How do our breaking tests work?

To automate the process of testing and make it easier, Georg Henzler developed Breaklet. Breaklet is a groovy script which iteratively executes tests, handles a lifecycle headache and provides us with a bunch of useful methods. It’s used in every test, and, as will be shown later in this article, it’s easily extendable.

Before we started with our breaking tests and results, we needed to know the environment being used:

AEM 6.4 SP1 / OAK 1.8.3
4GB JVM Heap (JDK 1.8)
MacOS High Sierra 10.13.6
2,6 GHz Intel Core i7
32 GB 2400 MHz DDR4

Next, tools were used to generate test content and to gather information from AEM and JVM.

Netcentric AC Tool for groups and permissions
Groovy Console to create/run test setups
Headless Chromium
Visual VM
JMeter
Threads Health Check
Breaklets

7 Ways to break AEM

Maximum child nodes

This is probably the most common “myth”: that you should avoid having more than 1000 nodes on the same level, otherwise performance will be compromised. Even Adobe’s Performance Optimisation guide mentions this:

“The way a content repository is structured can impact performance as well. For best performance, the number of child nodes attached to individual nodes in a content repository should not exceed 1,000 (as a general rule).”

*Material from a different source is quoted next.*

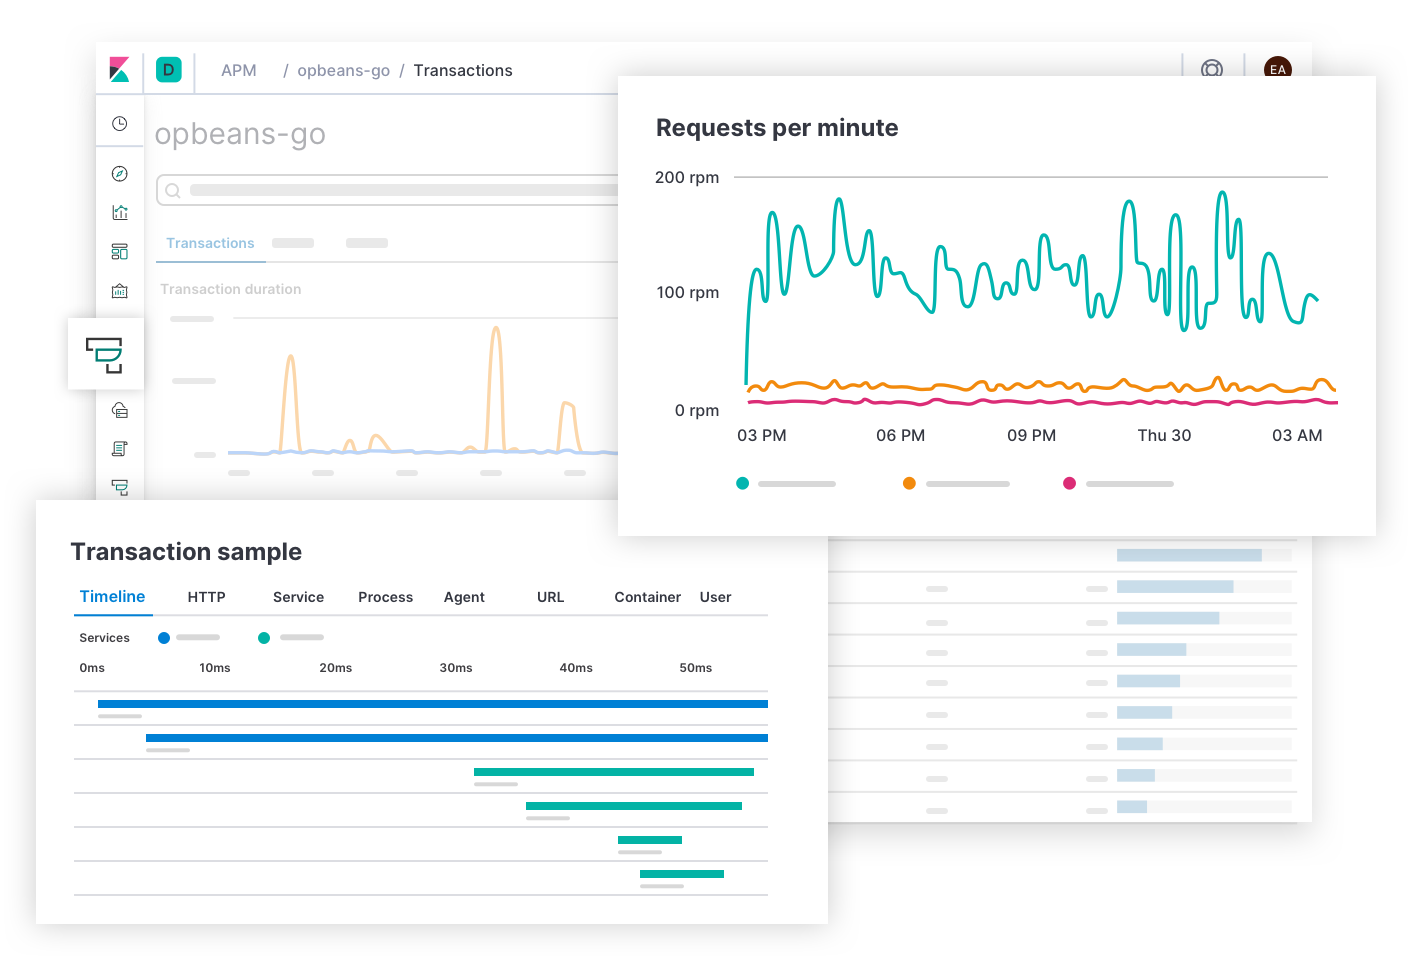 DE: Application Performance Monitoring charts and graphs

Therefore, it’s not surprising that this is usually checked first of all. Therefore, we started out by trying nt:unstructured (so orderable) node type. The scenario is as follows:

Create 1000 nodes
Save them
Reorder 1000 nodes
Save order
Traverse nodes
Query 10% of the nodes
Show all current nodes in CRXDE

We ran the Breaklet which stores results in file breaklet-result-TIMESTAMP.csv in AEM folder. Based on the generated csv file from Breaklet, we could then build the following chart:

As you can see, CRXDE performance degraded really fast. You wouldn’t want to experience such response time in real life. Obviously, on this chart, it’s impossible to visualize the performance of repository on node creating/saving/etc. So let’s exclude CRXDE from the chart:

In this case, time increases linearly and results do look fairly good. Following this, we could do the same with oak:Unstructured (not orderable) node type, excluding order related operations of course:

As you would expect, operations with unorderable nodes performed way better, so it’s best to deal with these when possible.

But let's get back to our myth. Is the “no more than 1000 child nodes” rule valid? The answer is more likely yes than no. CRXDE performs poorly with a large amount of nodes but it’s often used by developers and OPs for debugging, so we need it to work fast. All other operations do perform quite well, and it’s hard to tell the difference between 1000 and 5000 child nodes. Therefore, we can conclude that 1000 is somewhat of a magic number, though you should still check for yourself to determine the “max child nodes” limit for your system.

Changeset size in a single commit

Okay, here’s another real-life problem. Many projects do involve the migration of a large amount of data from the old system or expect a big amount of uploaded assets at once, during which we create a lot (sometimes more than a lot) of new nodes. To check this, we have another Breaklet with the next scenario:

Create a root node /content/nodetest
Create (1000 * iteration) nodes underneath
Save session
Wait for all change listener events
Delete root node
Save session
Wait for delete event

As we can clearly see, nodes creation (and not saving!) is the slowest operation here. So there will be no gain in splitting one operation of saving 5000 nodes into 5 operations of saving 1000 nodes. When running this Breaklet, we must remember that operations in it are resource consuming, so AEM should be provided with enough memory, otherwise OutOfMemmoryError will be thrown.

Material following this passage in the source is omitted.